Bud Loyacano

Bud Loyacano

Click here to LISTEN TO / READ THE TRANSCRIPT OF Bud’s interview in the Tulane University archives.

While New Orleans-born John William ‘Bud’ Loyacano (1879-1960) is the earliest idiodextrous bassist known to date, he didn’t hear ‘jazz’ until his mid-twenties. His most notable associations were with Triangle Band (1917-1925) and the Halfway House Orchestra (1923-1928).

Loyacano and his six siblings grew up listening to their father play ‘popular songs’ on guitar and all four brothers went on to become active and influential musicians in an around New Orleans during the pre-jazz, rag-time and early jazz eras.

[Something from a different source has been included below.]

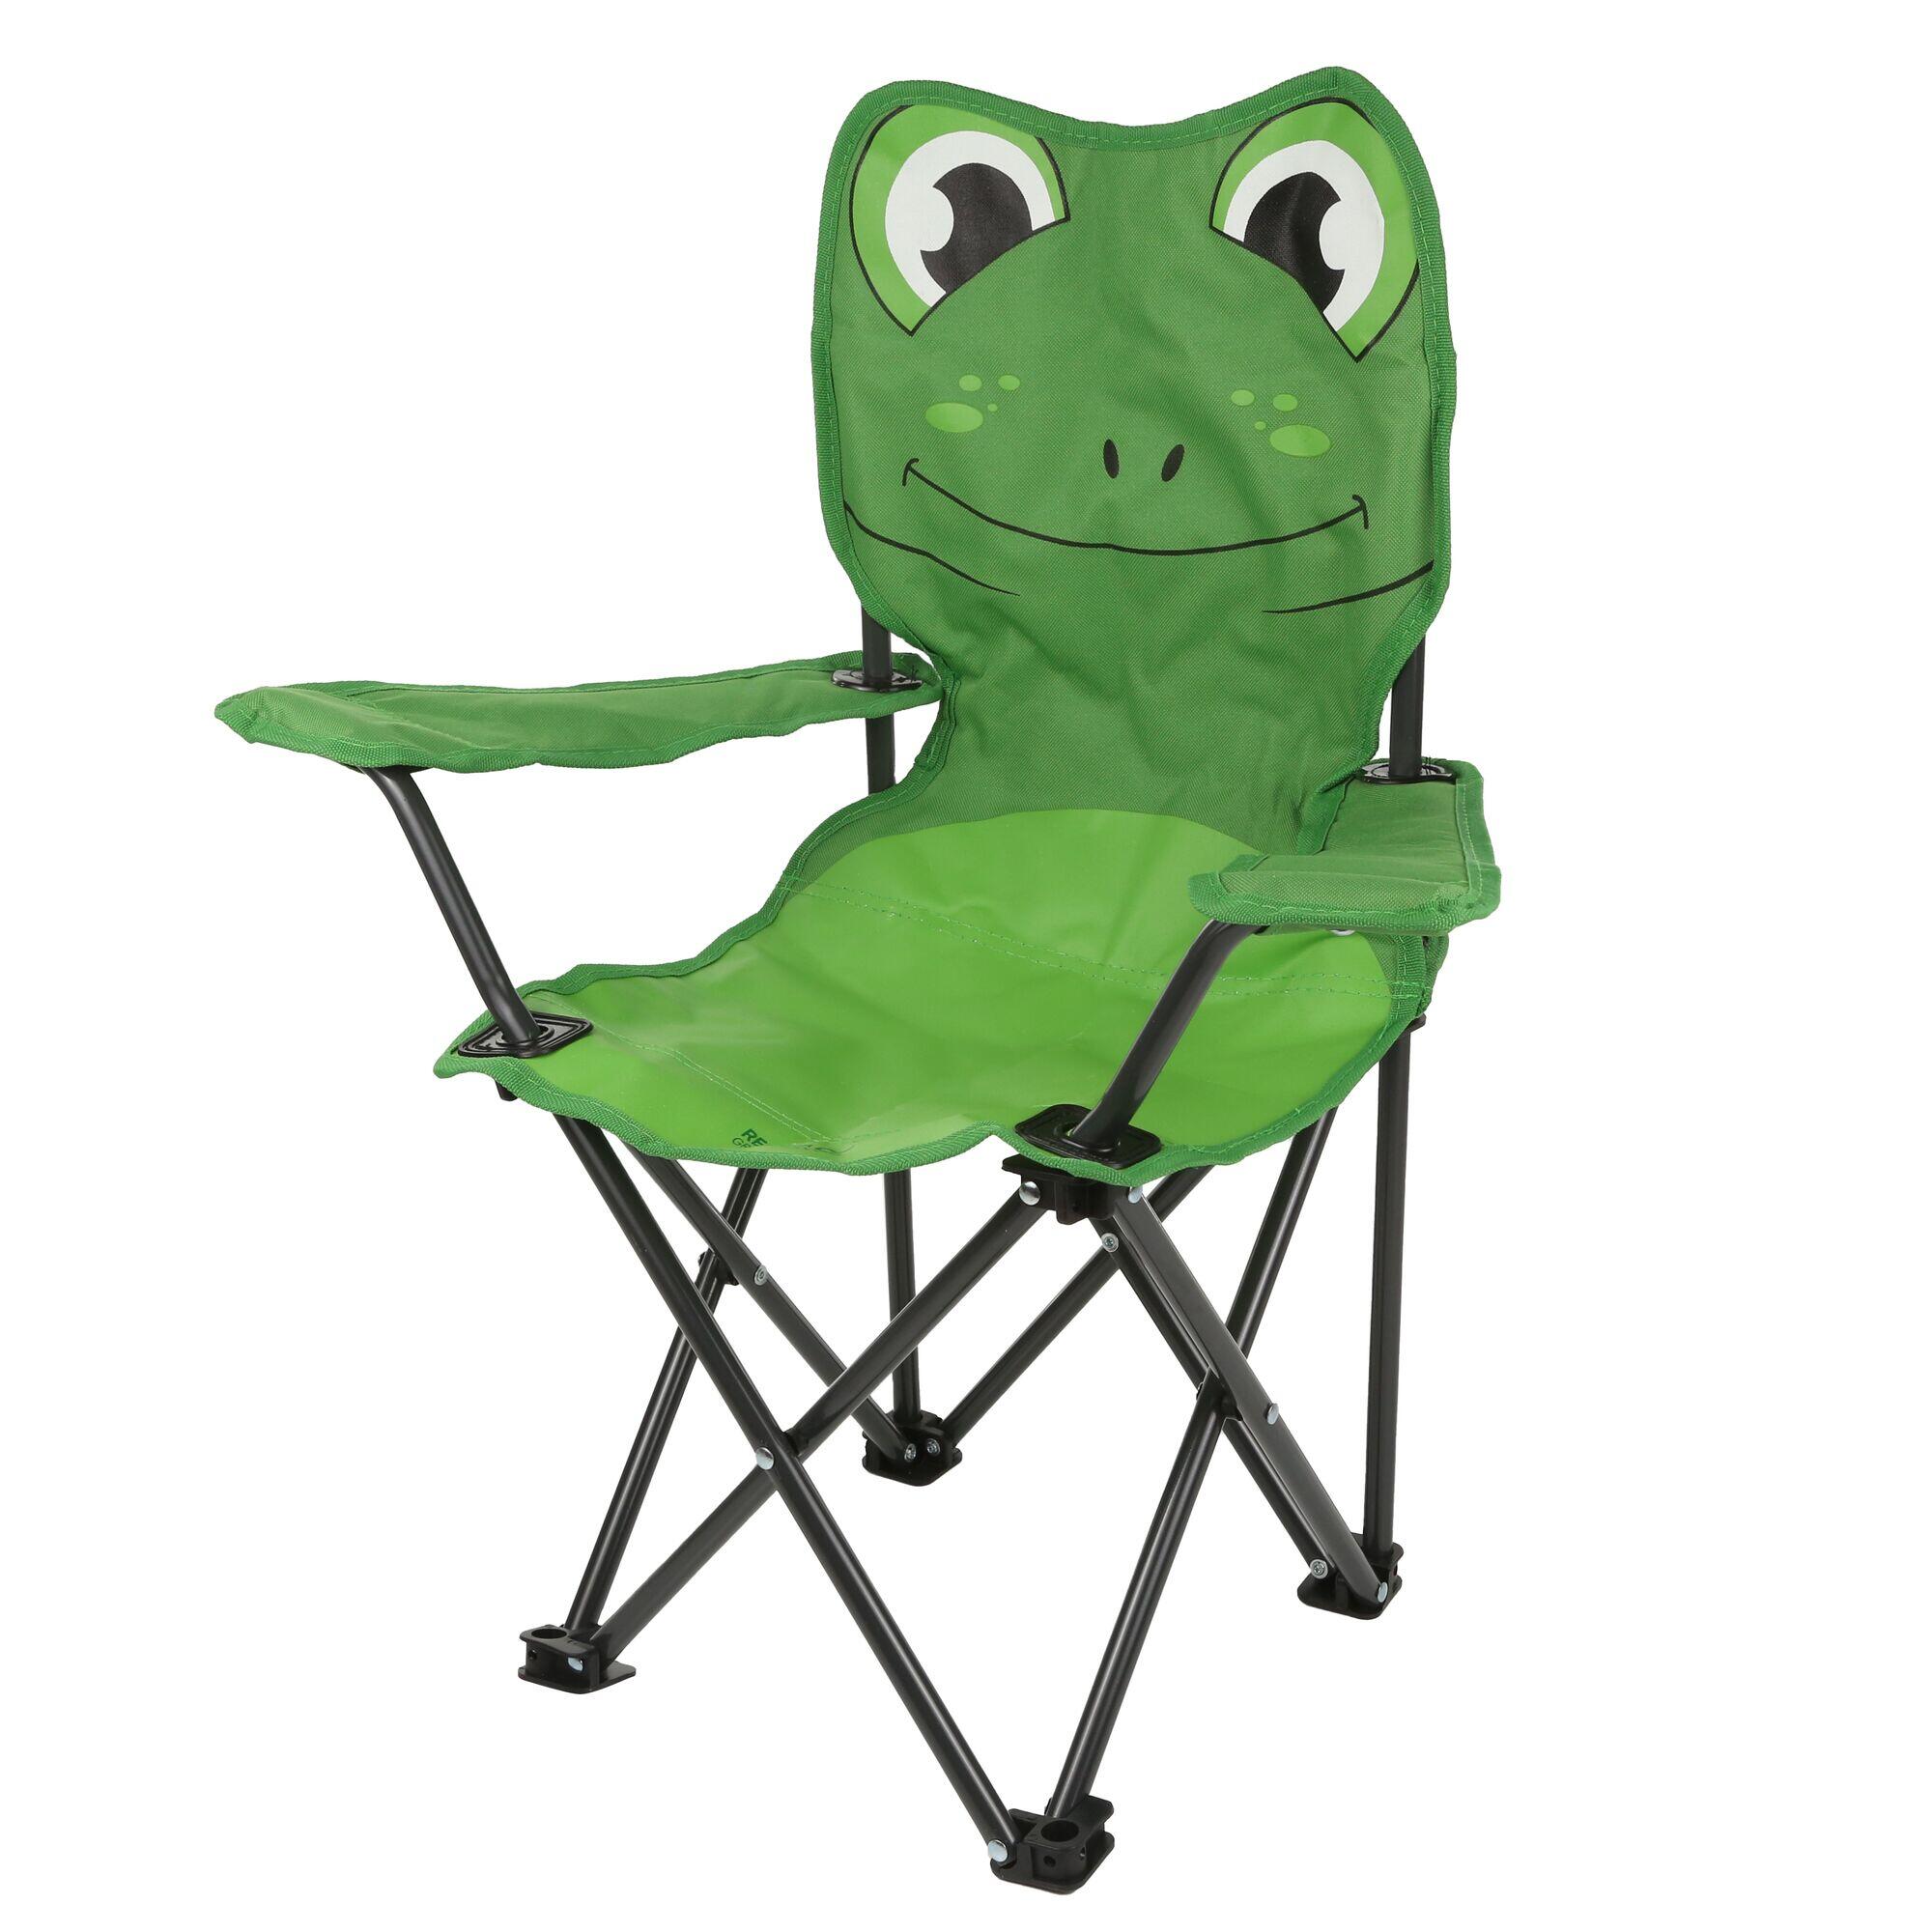 Animal Kids' Camping Chair - Green Frog 1/5

Bud began playing aged ten and performed on ‘Jew’s harp’, harmonica, guitar, mandolin, violin, tuba and eventually double bass. He worked in situations ranging from playing ‘polka, mazurka, schottische, valse’ for society dances to ‘ballyhoing outside burlesque shows’ and ‘thirteen years in the Mardi Gras parades’ playing jazz.

The self-taught Loyacano proudly declared ‘I was a ‘whippin’ piece of furniture’ on the bass fiddle; I used to slap them like nobody’s business’. He notes that bassists of his day almost always played two in a bar. When discussing his back-to-front playing, he described how he pulled the strings and let them slap back onto the fingerboard ‘just like any other’.

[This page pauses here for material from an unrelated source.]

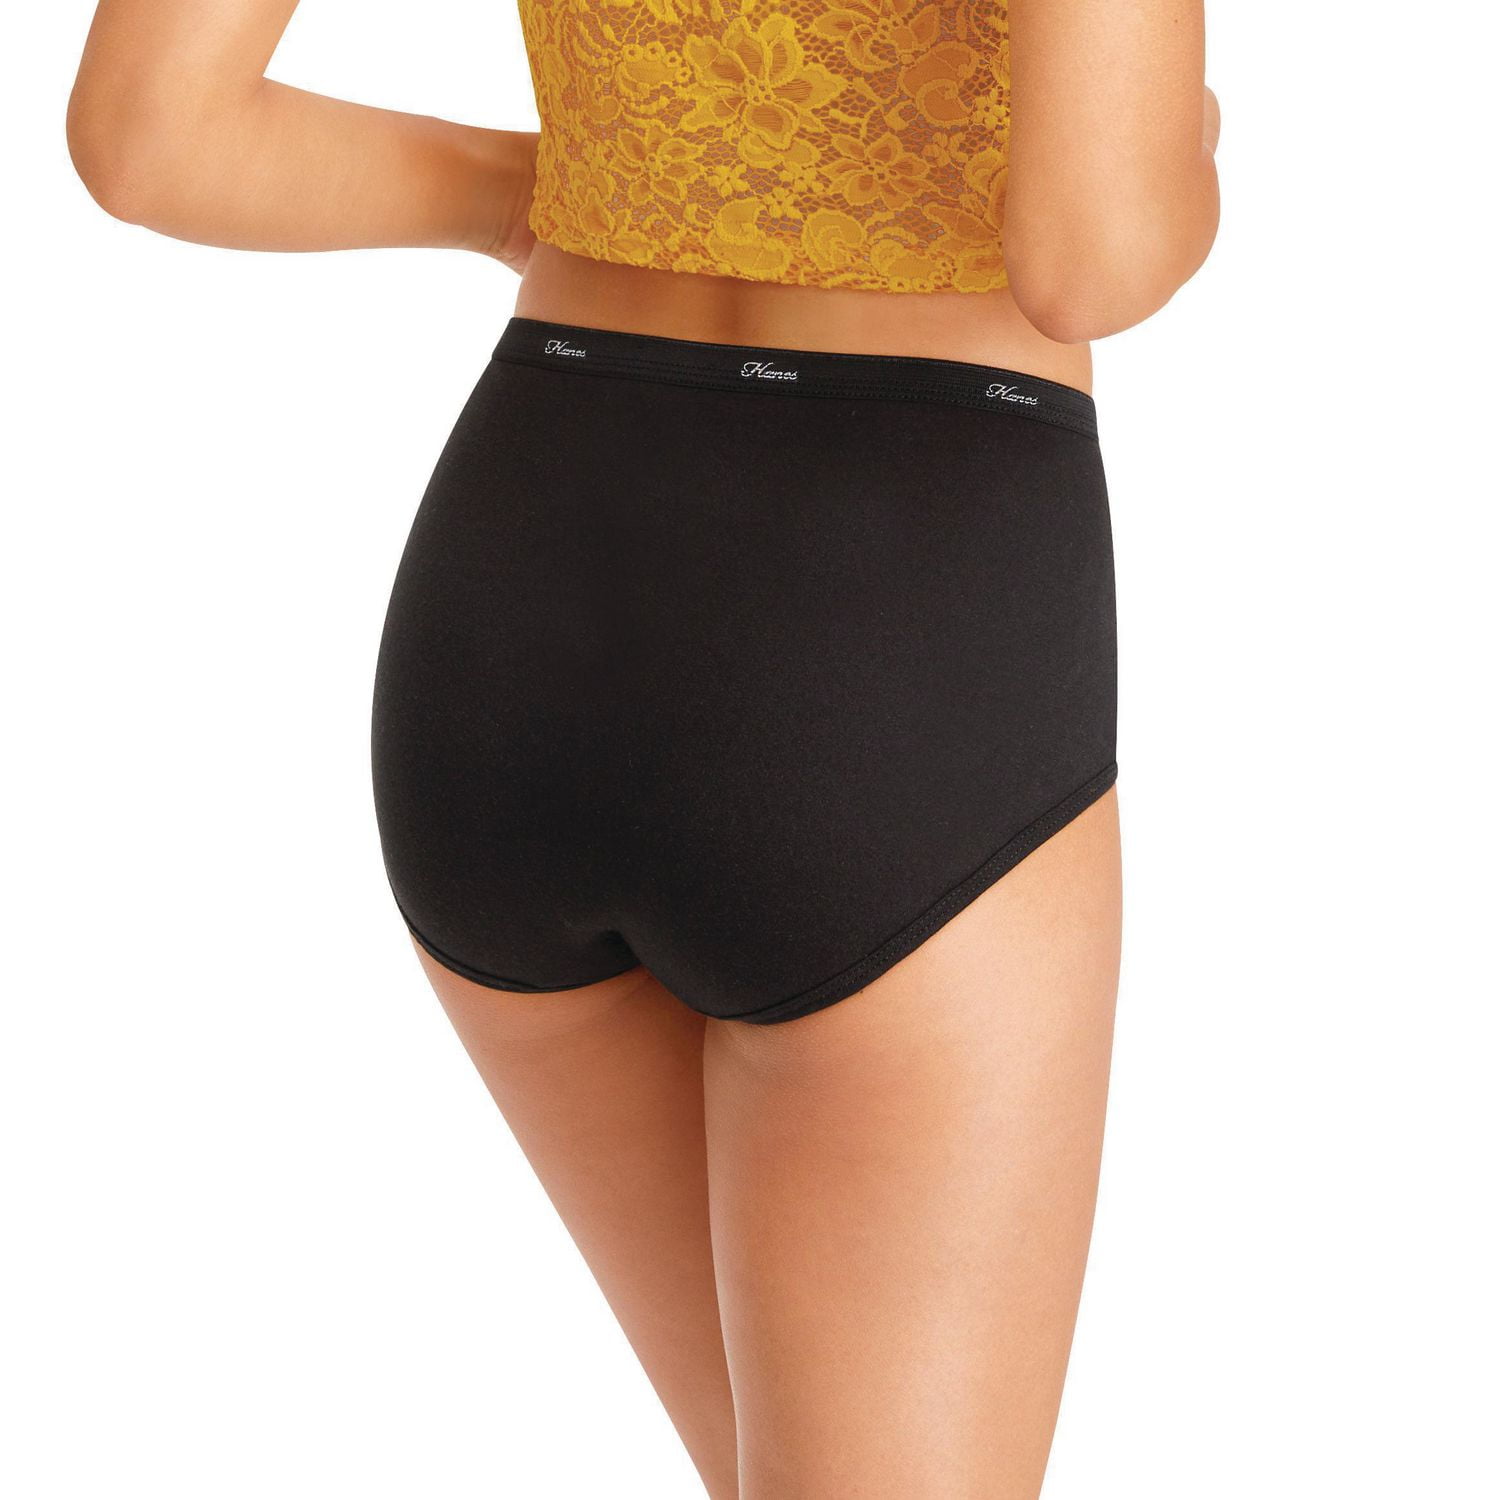 Hanes Women's Cotton Bikini - Pack of 6, Sizes: S-L

Considering that Loyacano says he never played walking bass lines (nor employed embellishments like raking and certainly never soloing), his idiodexterity may not have had any significant technical consequences at all. In the case of the ‘slap bass’ technique popular in early jazz of the 1920s, it may even have been an advantage, given that the desired sound was thin and percussive rather than deep and flowing.

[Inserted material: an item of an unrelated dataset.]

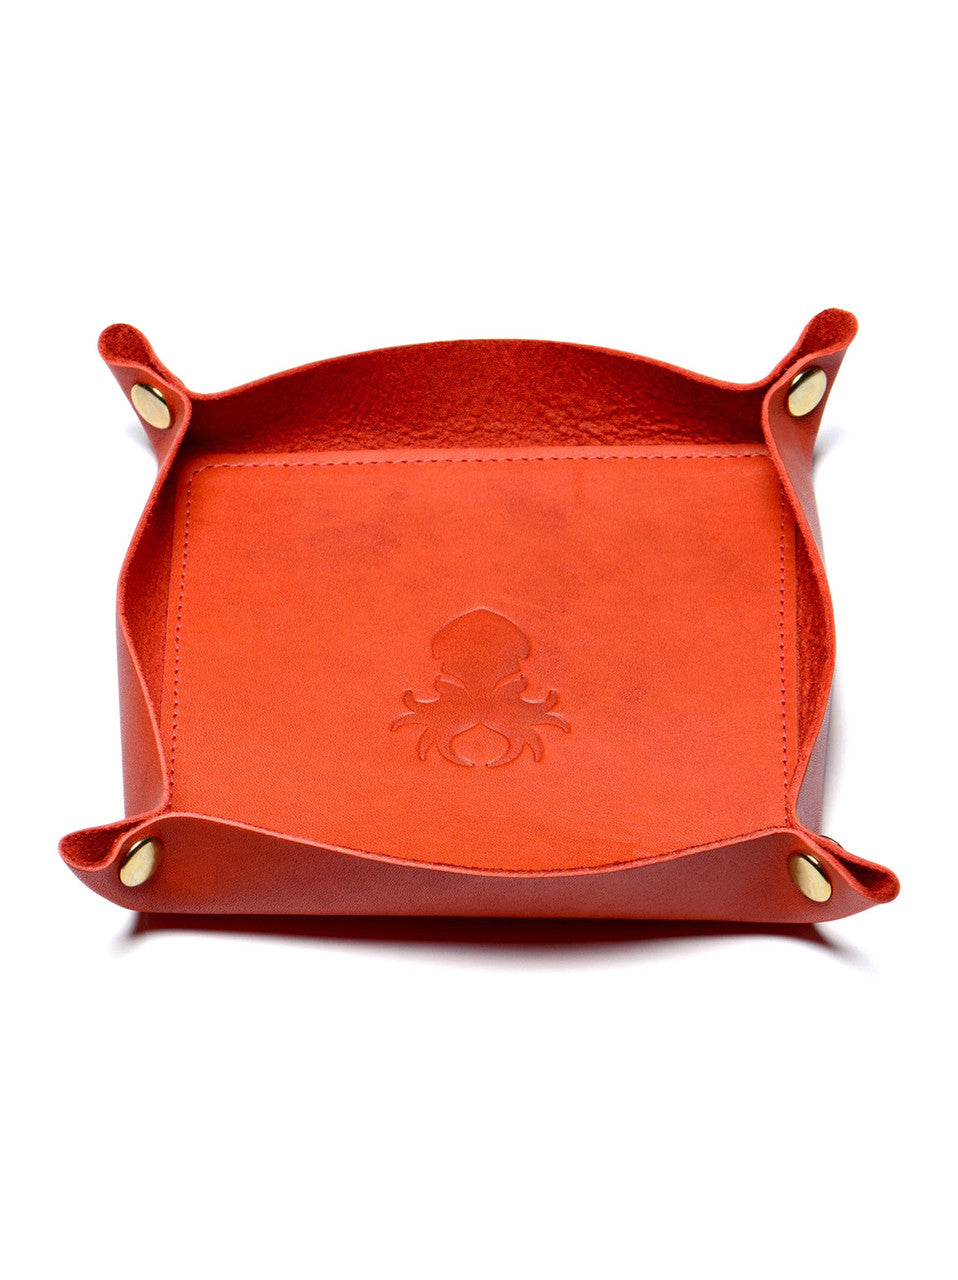 Leather Dice Tray In Blood Orange – Kraken Dice

Bud’s younger brother Joe revered the way he would ‘pop the hell out of the strings. Make them hit the fingerboard’ and noted that they called that style ‘woodblock bass’ for its percussive similarity to the drummer playing sticks on woodblocks. This clarifies that depth of tone was not a priority and further supports the idea that Loyacano’s idiodexerity had no impact on his abilities as an early jazz musician.